SIEGFRIED VAN DER KAR
Dutch Rescuer

photo of Siegfried van der Kar 1944


Siegfried van der Kar was born in Amsterdam in 1919. When he was interviewed in 1984, he estimated that, working along with others, he helped at least 150 Jewish people while living in Haarlem during the war. Some were acquaintances; most were complete strangers, many of them children.

Early in the occupation of Holland, the Germans considered Siegfried Jewish because he had three Jewish grandparents. Then his mother, who was half-Jewish, was sent to The Hague to be examined by German doctors. They measured her skull, her feet; they gave her a complete examination. In the end they declared that she was 100 percent gentile. According to German policy, this turn of affairs made Siegfried one-half Jewish, a fact which he believes saved his life. It didn't help his sister, however, who was married to a Jewish man. They had to go into hiding. The Germans then emptied her family home of all its contents.

Rescuing Jewish people began for Siegfried when he and his wife hid a relative in their house, which put him in contact with others in a similar situation. Before long, he found he was part of a network of people, including Hendrik van Leston, finding hiding places, false identity papers, securing thousands of food coupons brought from Friesland in the north of Holland: all the dangerous but necessary activities to keep Jewish people safe from deportation. Despite being raided several times, they took in people who came to them in the middle of the night, desperate for a place to hide. Many of these people arrived in poor condition, dressed in dirty clothes, infested with lice and fleas. They slept on the floor of every room in his house, grateful for his lifesaving generosity.
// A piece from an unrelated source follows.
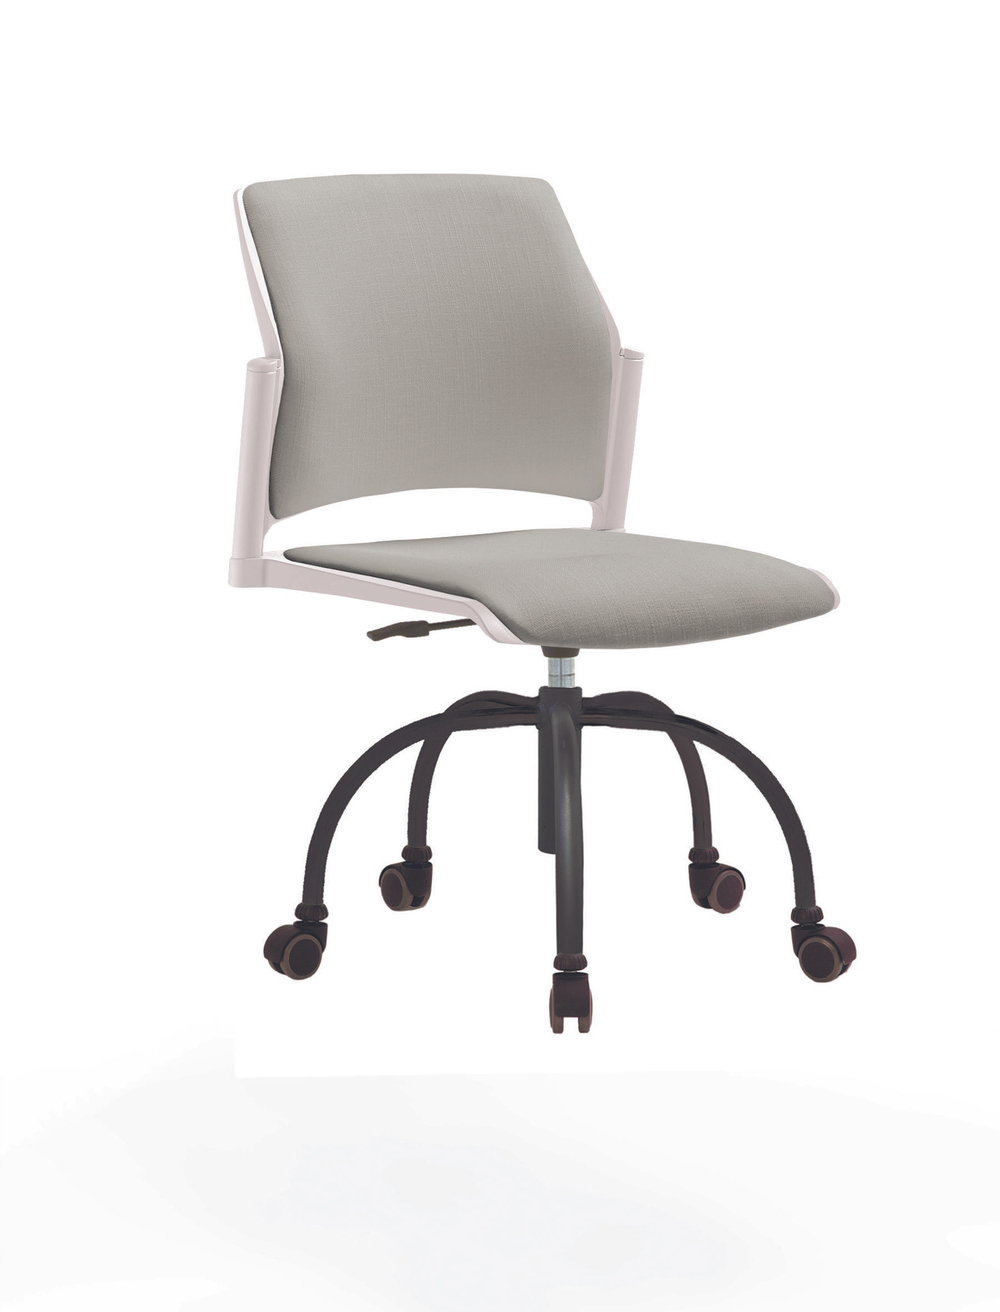 Кресло Rewind каркас черный, пластик белый, база паук краска черная, без подлокотников, сиденье и спинка светло-серые

At one point, Jewish neighbors next door gave them suitcases for safekeeping. Siegfried made the mistake of not checking their contents. In one of four police searches of their house the cases were discovered to contain clothing with yellow stars sewn on them. These were promptly confiscated along with all the (hidden) family's money secreted inside.

At the same time he was keeping people hidden in his house, Siegfried belonged to a group, working in a room of the Protestant church, that put together food packages they could send to Theresiendstadt and Bergen Belson concentration camps. At first the packages could only go to non-Jewish recipients, but at the war's end, Siegfried received letters of gratitude from former Jewish prisoners who had also benefitted from the duck eggs and toasted bread carefully packed into these boxes.